A deeper understanding of these relationships could transform the way LLMs are trained, allowing them to extract more meaningful insights from examples and instructional data—similar to how they are beginning to learn from Chain of Thought reasoning. A key question is whether LLMs can learn from diverse sources in a way that more closely resembles human thinking. Or learn in a different, but equally powerful fashion. Could this progression lead to the development of “Large Concept Models” that extend their reasoning abilities beyond language itself?
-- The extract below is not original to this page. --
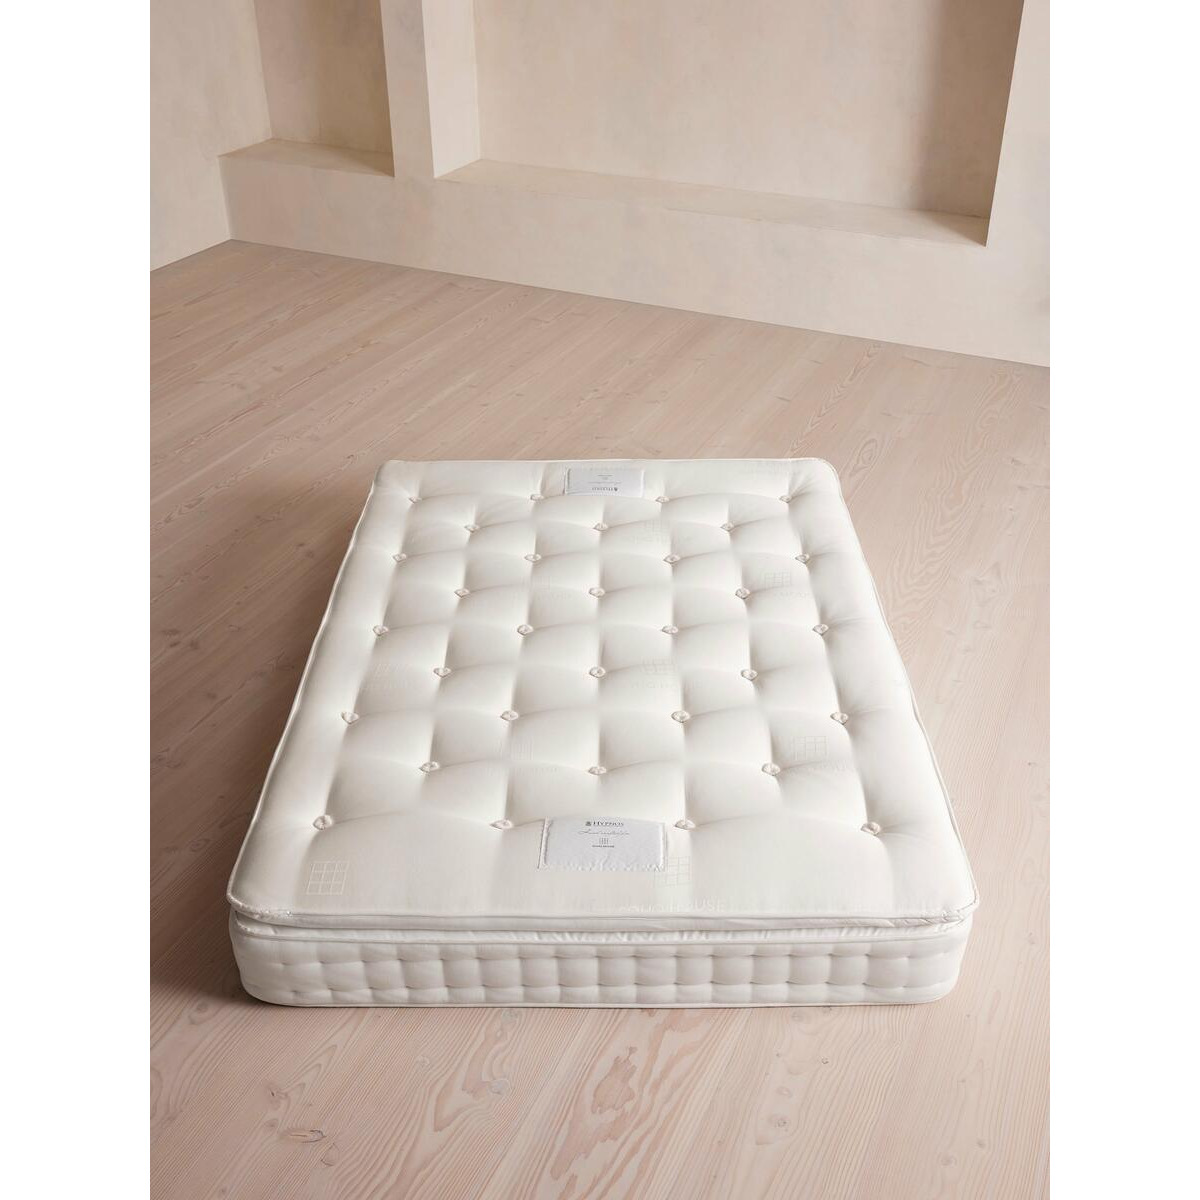 Hypnos Woolsleeper Pillow Top Mattress, UK King (150x200cm)

LLMs will certainly continue to improve, but what will be the primary driver of this progress? Will it come mainly from technical and algorithmic innovations, or will approaches inspired by human learning play a more significant role? Could this shift lead to models that not only replicate patterns more effectively and produce better outputs but also develop a deeper, more human-like understanding of information? This fascinating article suggests that the most powerful models may already have reached this level, but that we are struggling to recognize these improvements!  Many scientists believe that it is only a matter of time before we produce an Artificial General Intelligence.

Chain of Thought, while interesting on its own, has broader implications. It offers a glimpse into a (possibly near) future where LLMs may learn and process information in more sophisticated and powerful ways. As these models scale, what new abilities might emerge?